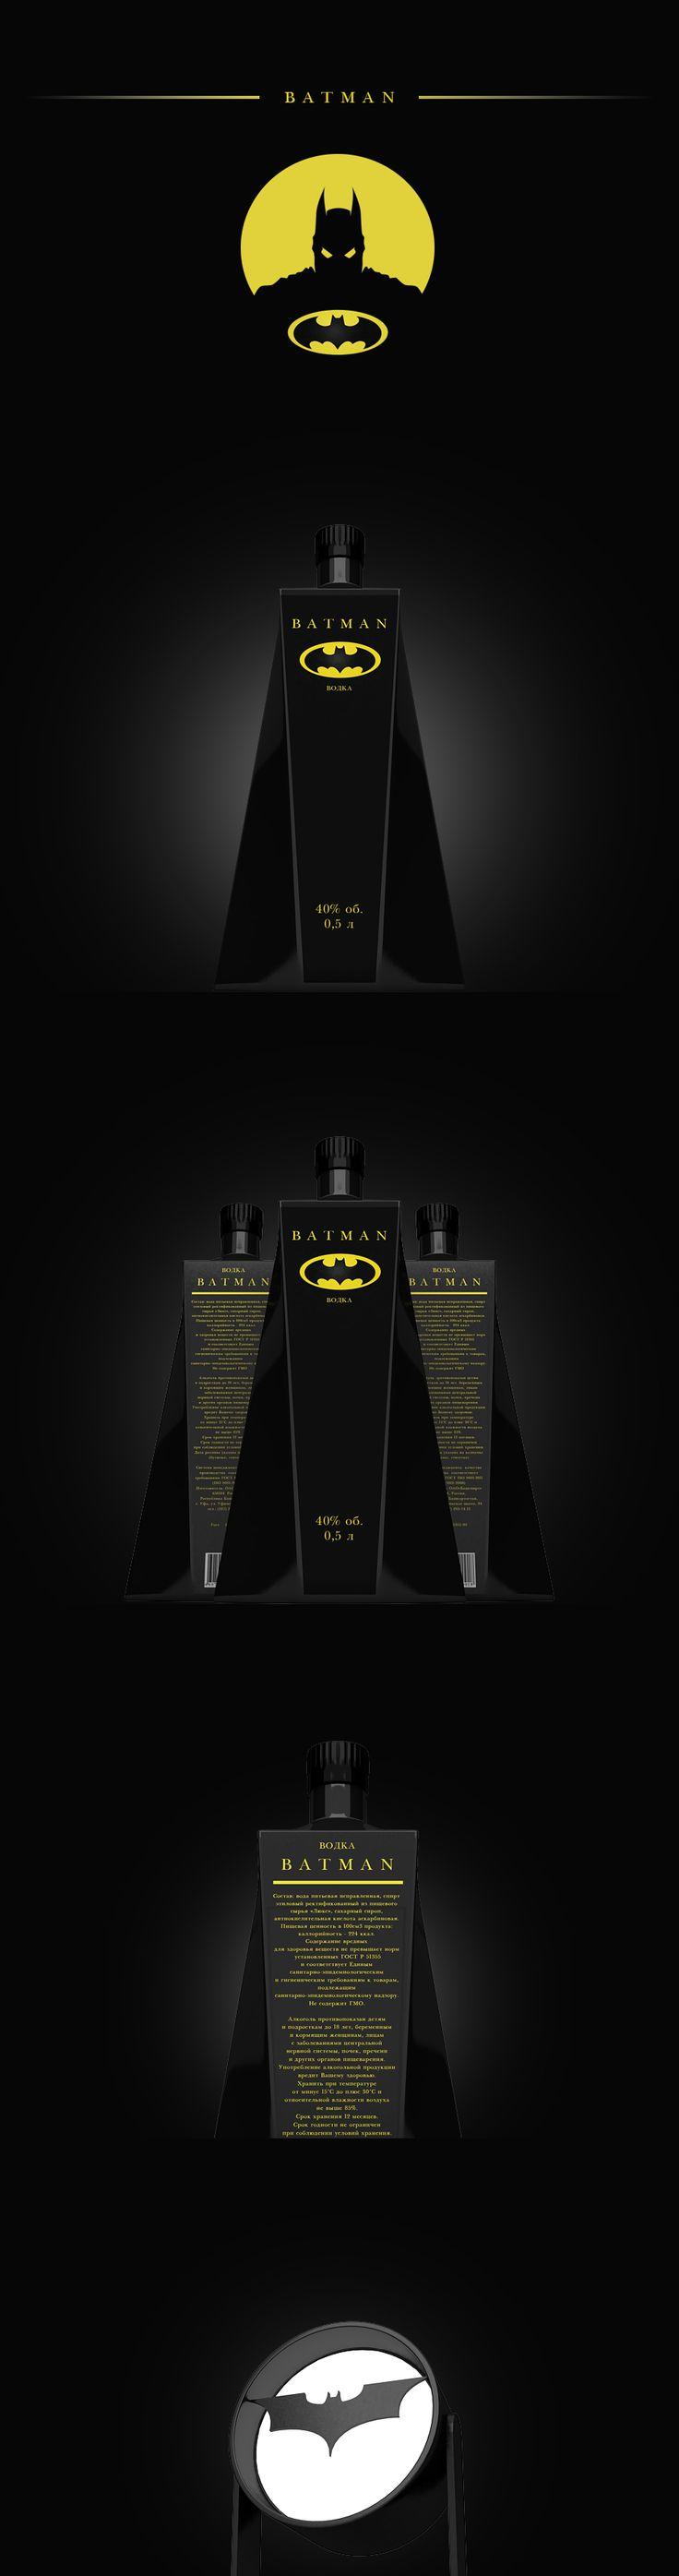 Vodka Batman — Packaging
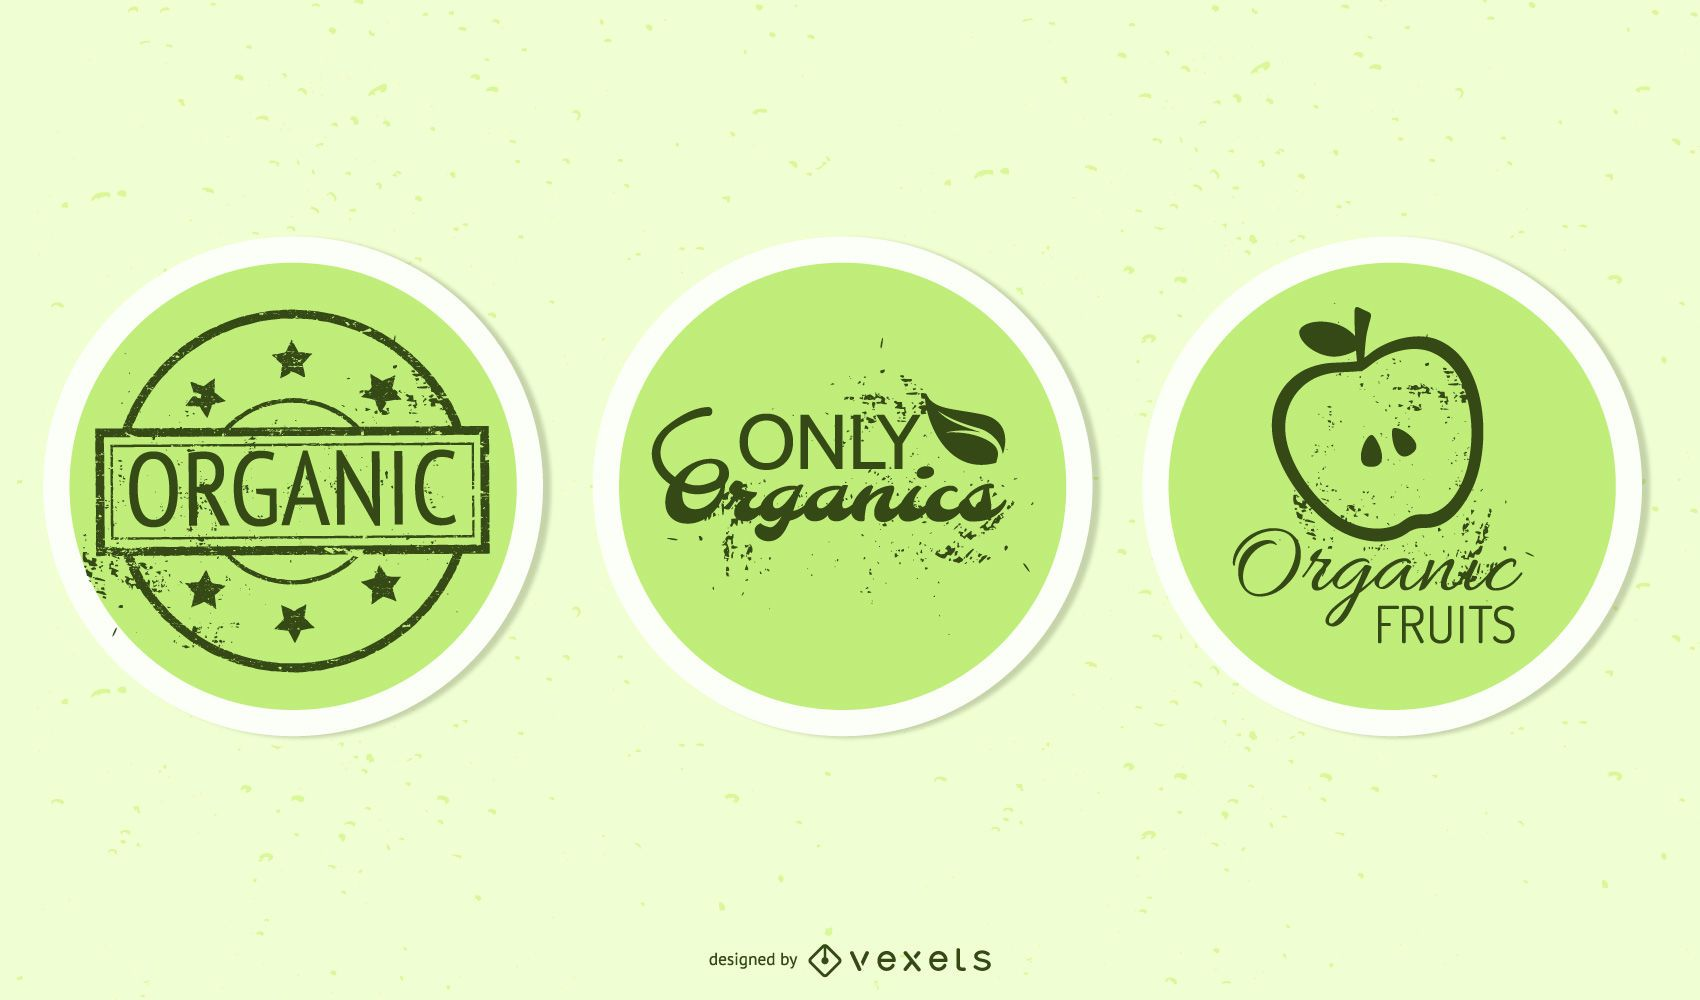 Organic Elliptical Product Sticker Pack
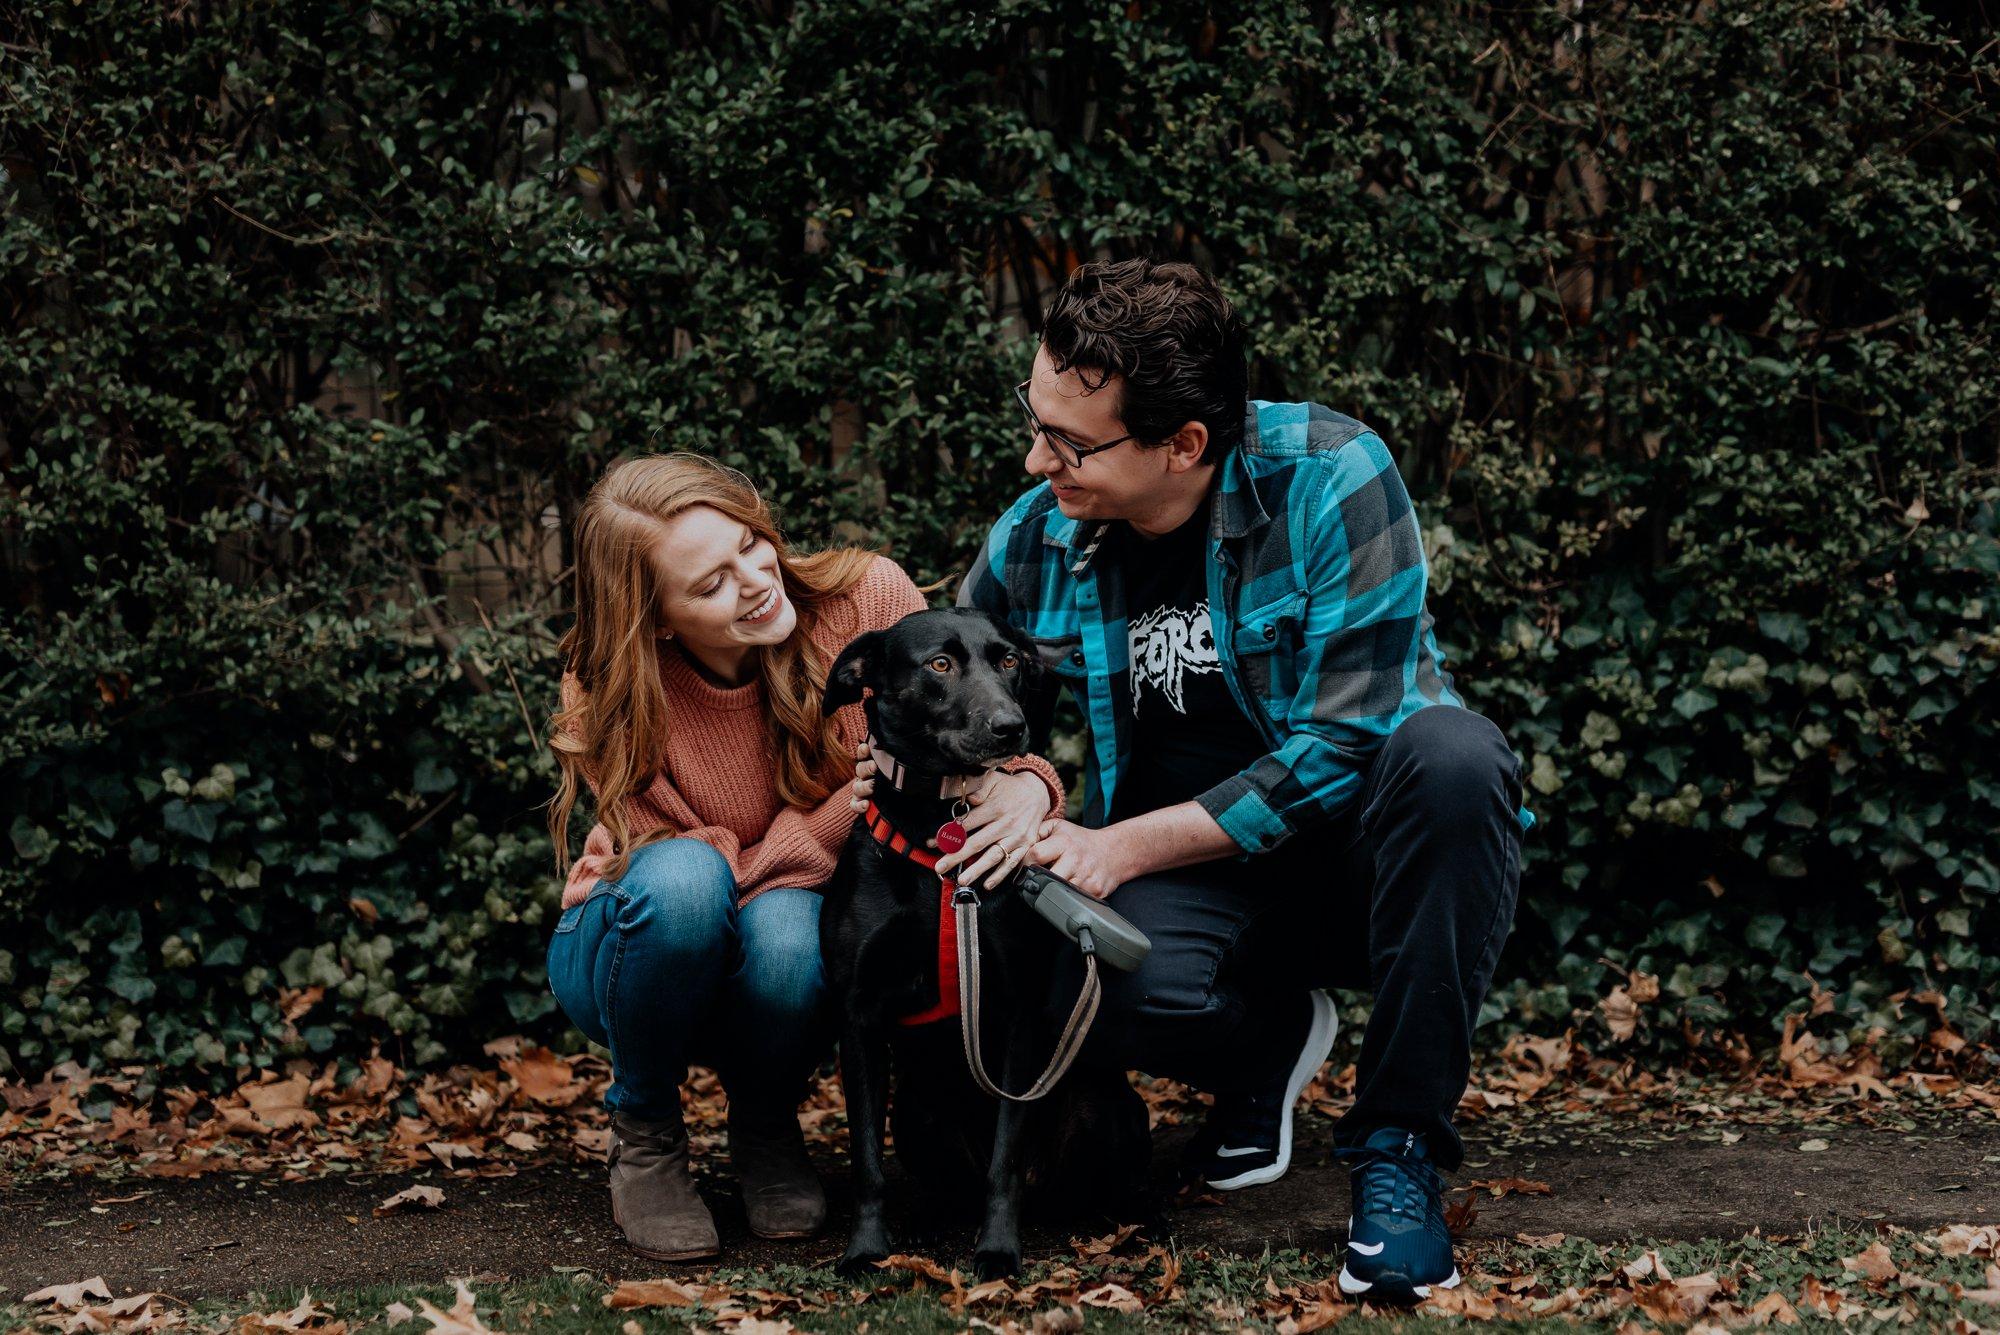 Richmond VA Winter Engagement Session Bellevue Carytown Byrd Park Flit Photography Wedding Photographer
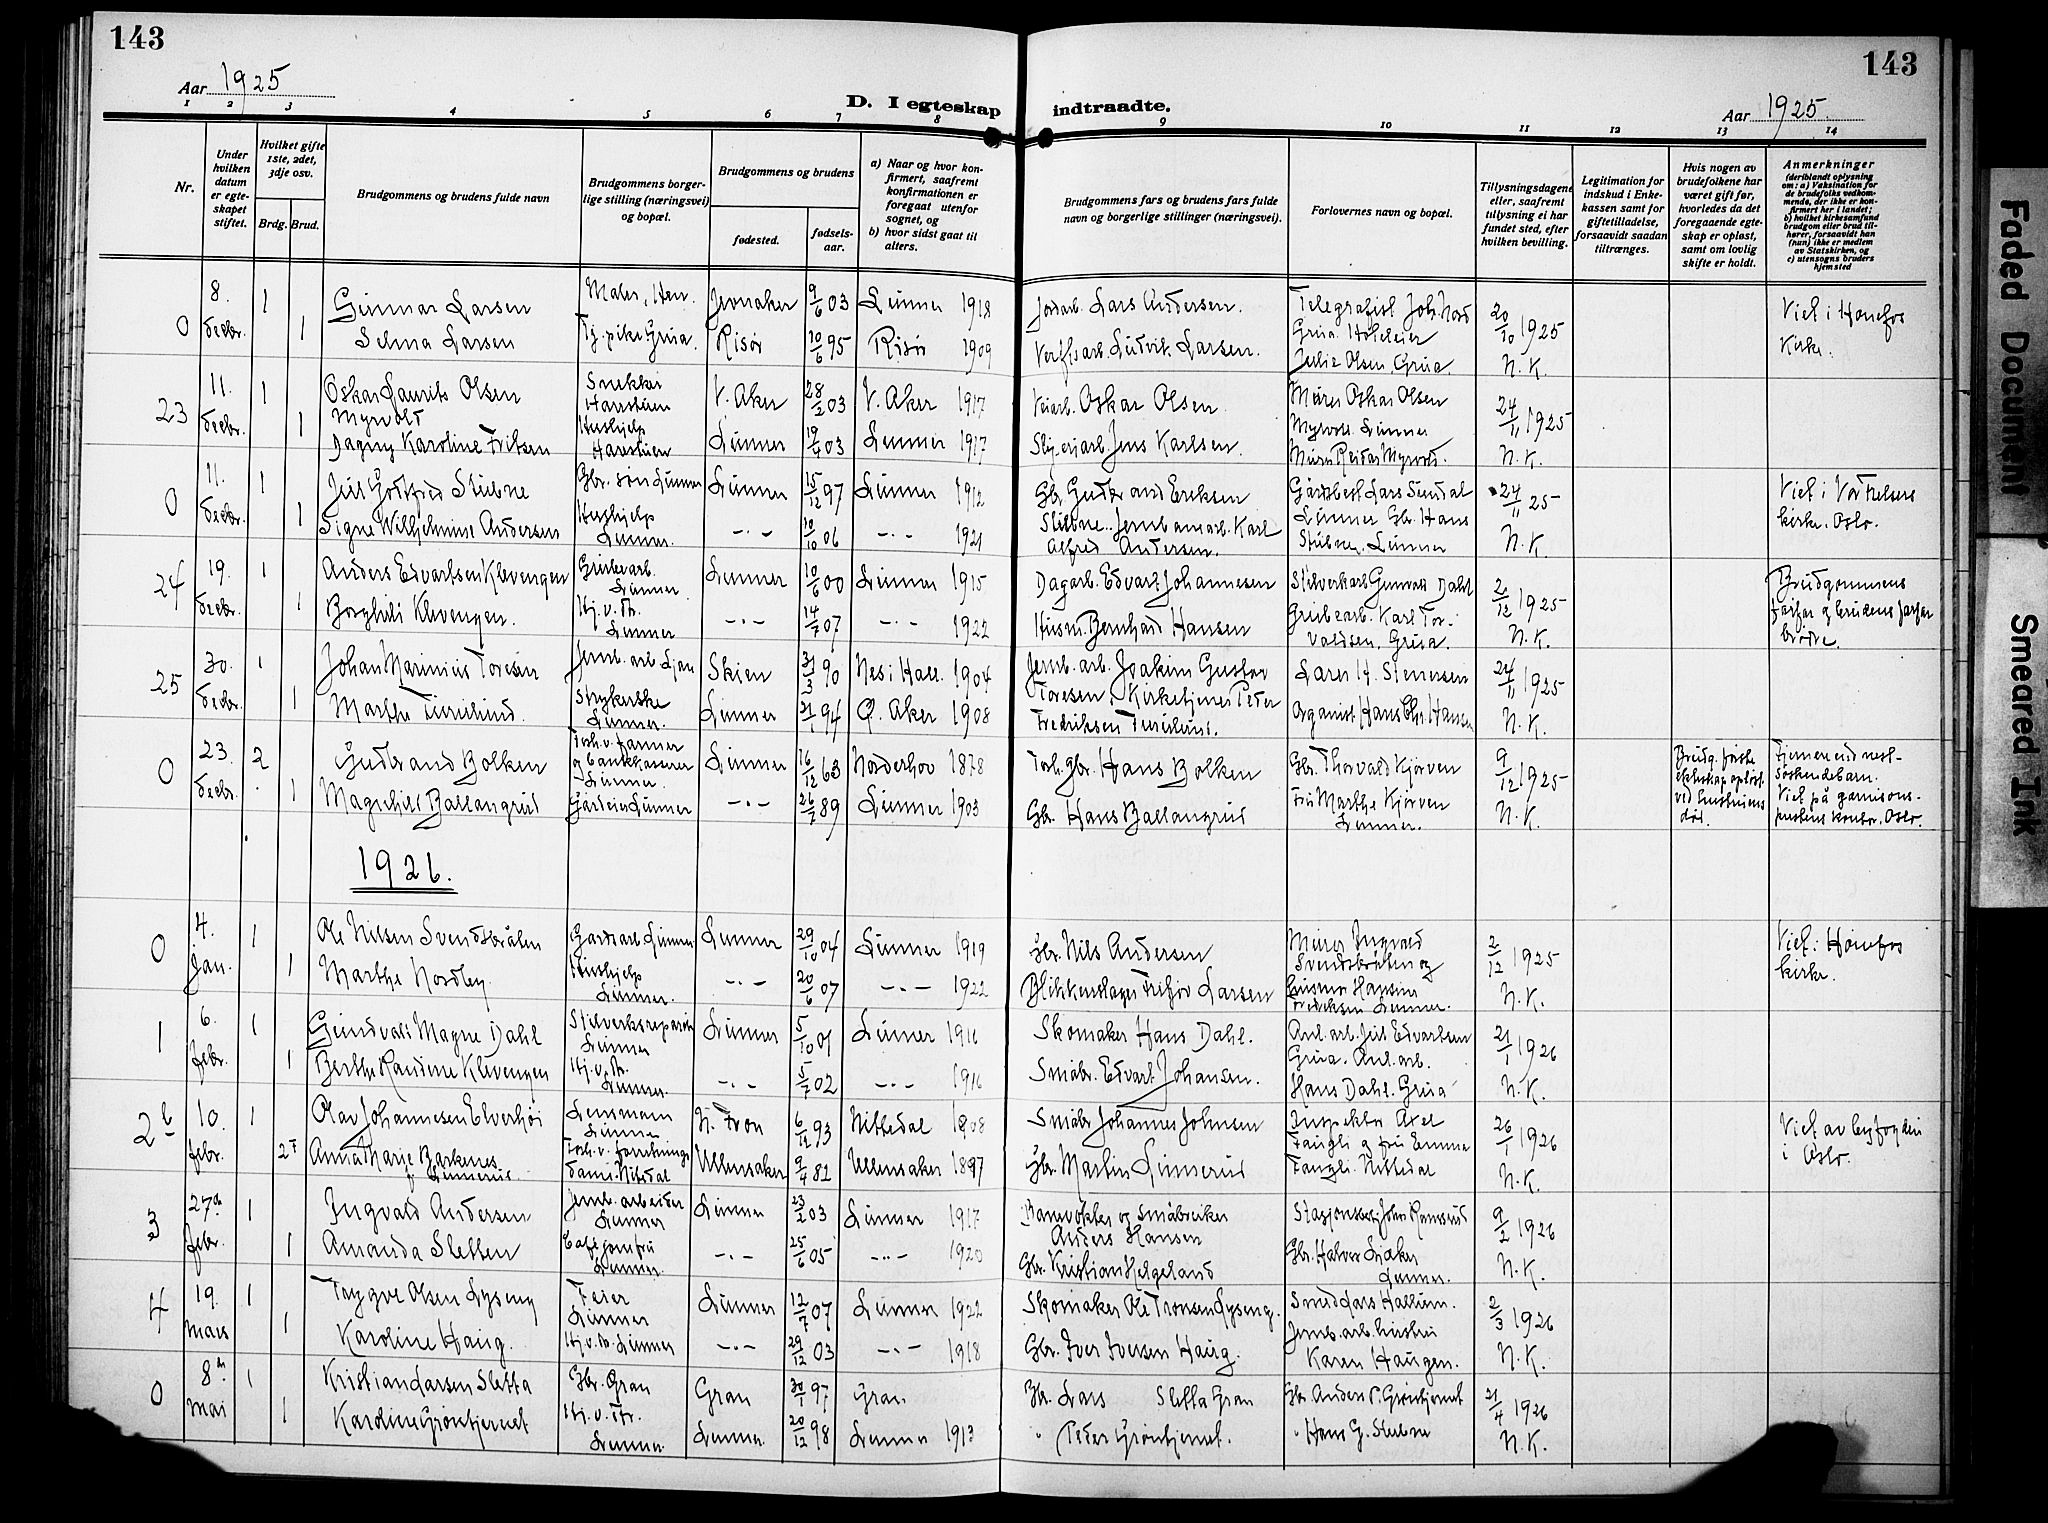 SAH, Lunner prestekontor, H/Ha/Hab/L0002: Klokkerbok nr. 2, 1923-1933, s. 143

▸ **TASK**
Write out the whole listing above exactly; do not include the pictures.

▸ **EXERCISE RESPONSE**
 Vodka Batman — Packaging
 Organic Elliptical Product Sticker Pack
 Richmond VA Winter Engagement Session Bellevue Carytown Byrd Park Flit Photography Wedding Photographer
 SAH, Lunner prestekontor, H/Ha/Hab/L0002: Klokkerbok nr. 2, 1923-1933, s. 143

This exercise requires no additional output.